# Assignment 2.

## Formalia:

Please read the [assignment overview page](https://github.com/suneman/socialdataanalysis2020/wiki/Assignments) carefully before proceeding. This page contains information about formatting (including formats etc), group sizes, and many other aspects of handing in the assignment. 

_If you fail to follow these simple instructions, it will negatively impact your grade!_

**Due date and time**: The assignment is due on Monday March 30th, 2020 at 23:55. Hand in your files via [`http://peergrade.io`](http://peergrade.io/).

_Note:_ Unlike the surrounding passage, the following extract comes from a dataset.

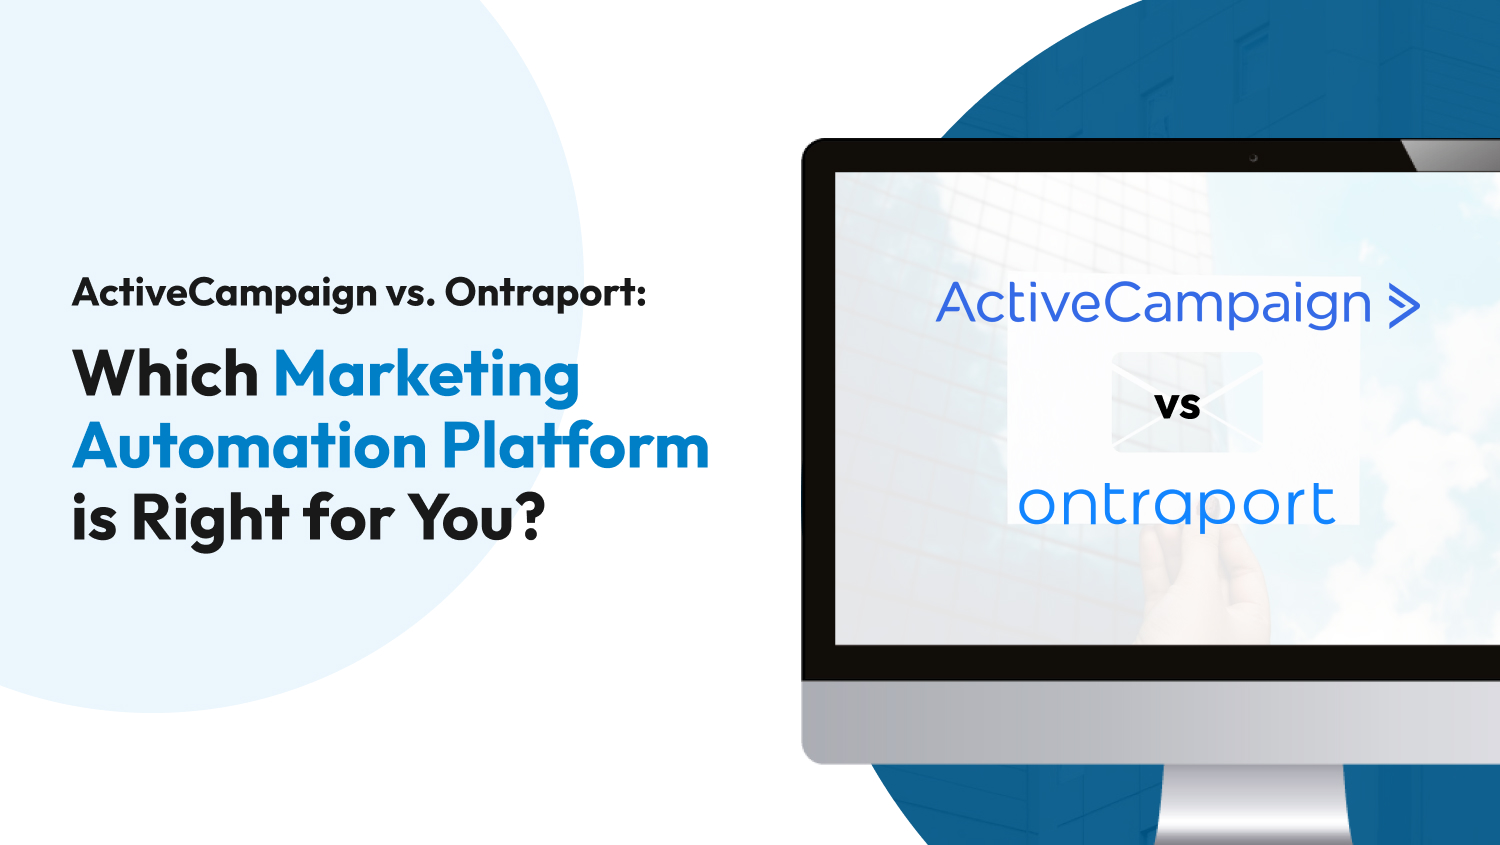 ActiveCampaign vs. Ontraport: Which Marketing Automation Platform is Right for You?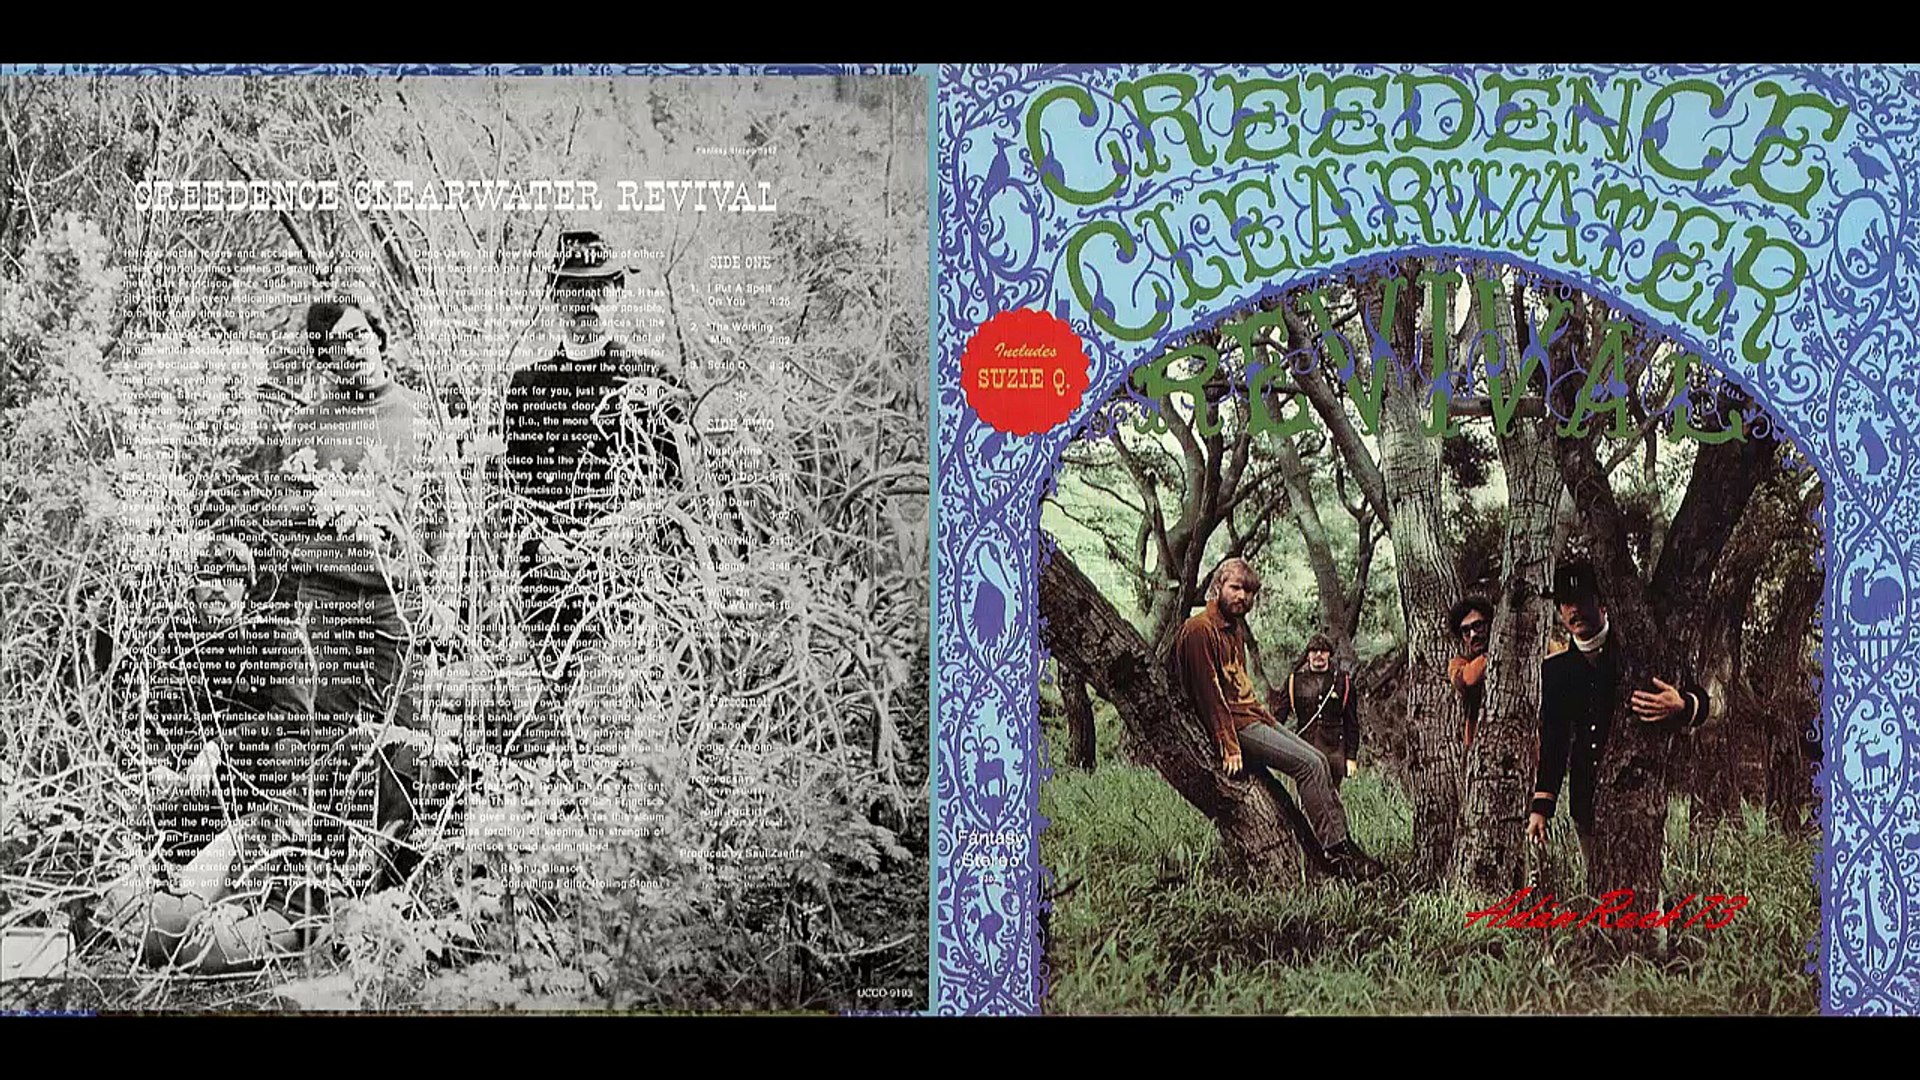 ⁣Creedence Clearwater Revival - Susie Q (CCR 1968)

**Peergrading date and time**: _Remember that after handing in you have 6 days to evaluate a few assignments written by other members of the class_. Thus, the peer evaluations are due on Sunday April 5th, 2020 at 23:55. (The reason I'm asking you to do the peer evaluations on the sunday is that I want you to be able to enjoy the easter break fully.)

In [21]:
# load packages
import itertools
import numpy as np
import pandas as pd
from bokeh.io import output_file, show, output_notebook
from bokeh.models import ColumnDataSource, FactorRange, Legend
from bokeh.transform import linear_cmap
from bokeh.palettes import Dark2_5 as palette
from bokeh.plotting import figure

## Part 1: Questions to text and lectures.

A) Please answer my questions to the Segal and Heer paper we read during lecture 7 and 8.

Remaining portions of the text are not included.